The TameMyCerts policy module addresses, amongst others, the following use cases:

  • Certificate issuance must be delegated to a 3rd party service, for example, Mobile Device Management (MDM) systems like Microsoft Endpoint Manager (aka InTune) or VMware AirWatch/Workspace One, Network Device Enrollment Service (NDES) deployments or similar use cases that require the certificate template to be configured to have the enrollee supply the subject information with the certificate signing request in combination with direct certificate issuance. Without the module, there is absolutely no control over the issued certificate content.
  • The module can also mitigate the problem that certificates may be inconsistent among platforms (e.g. having differing subject information on a mobile phone managed by MDM than on a PC that uses Autoenrollment because of inconsistent configuration settings on the MDM) by enforcing certificate content.

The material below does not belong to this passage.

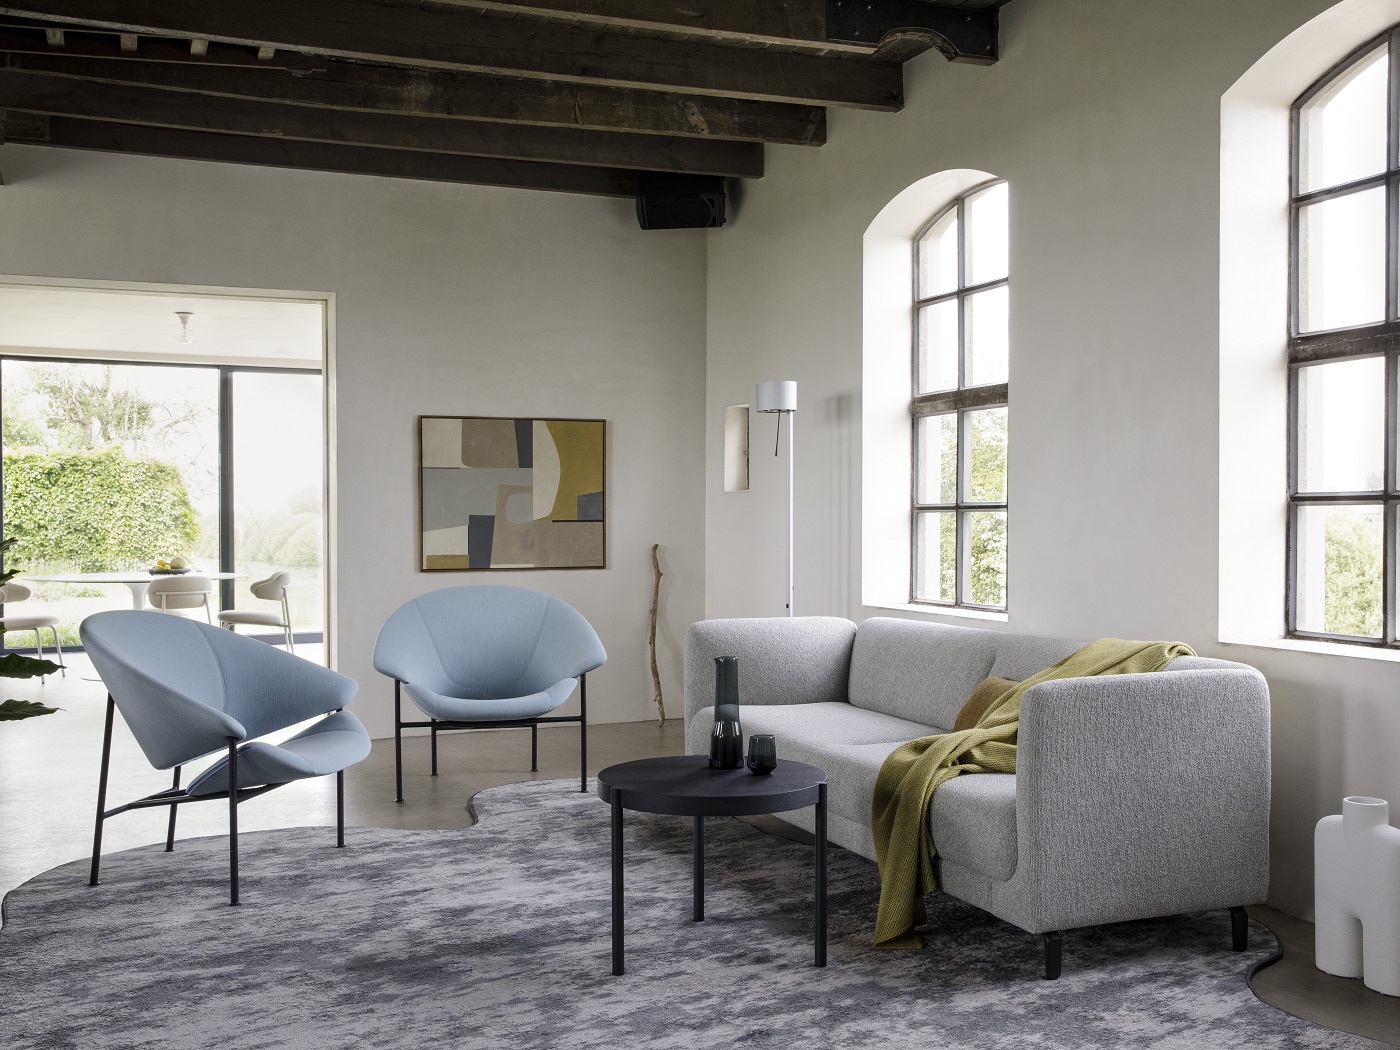 Luxe fauteuils van top design meubel merken Artifort, Bert Plantagie, Label en meer koop je bij Wiechers Wonen in Dwingeloo

  • It is also capable of ensuring that a user or computer account exists in Active Directory matching the requested certificate, and that it is enabled and member (or not) of specific security groups (e.g. this can prevent issuing certificates for administrative accounts via MDM).
  • Modifying the Subject Distinguished Name (DN) or Subject Alternative Name (SAN) of issued certificates based on individual rules containing values from the opriginating certificate request or from Active Directory object attribues (e.g. supplementing Organizational Units, or issuing certificates containing the DisplayName or UPN as identity) via offline and online certificate requests.
  • Adding the the newly introduced Security Identifier (szOID_NTDS_CA_SECURITY_EXT with object id that was introduced with KB5014754) extension into offline certificate requests, which e.g. allows you to use Microsoft Network Policy Server (NPS) with certificates issued to mobile devices and the like and avoid breaking authentication when "strong" certificate mapping will be enforced by Microsoft on February 11, 2025.
  • Technical or legal requirements to allow any kind of Subject RDN to be enabled for issuance on the certification authority (enabling CRLF_REBUILD_MODIFIED_SUBJECT_ONLY flag on the certification authority). Without the module, there is no control over which exact Subject RDNs are allowed to be issued.
  • Certificate templates configured to allow Elliptic Curve Cryptography (ECC) keys. Without the module, it would be possible that certificates get issued that use small RSA keys (e.g. 512 bit or even smaller) even though these would be not allowed in the certificate template configuration, as the Windows Default policy module only validates the key length but not the key algorithm.
  • Issuance of certificates with a validity period within exactly defined timeframe (e.g. valid only exactly for one work shift), or having the requirement to have all certificates end by a specific date.
  • Preventing Users to request certificates from templates that are intended to be used solely with AutoEnrollment via alternative methods (e.g. MMC.exe).
  • TameMyCerts is also the perfect companion for the AdcsToRest REST API for AD CS or the awesome ACME-ADCS-Server project.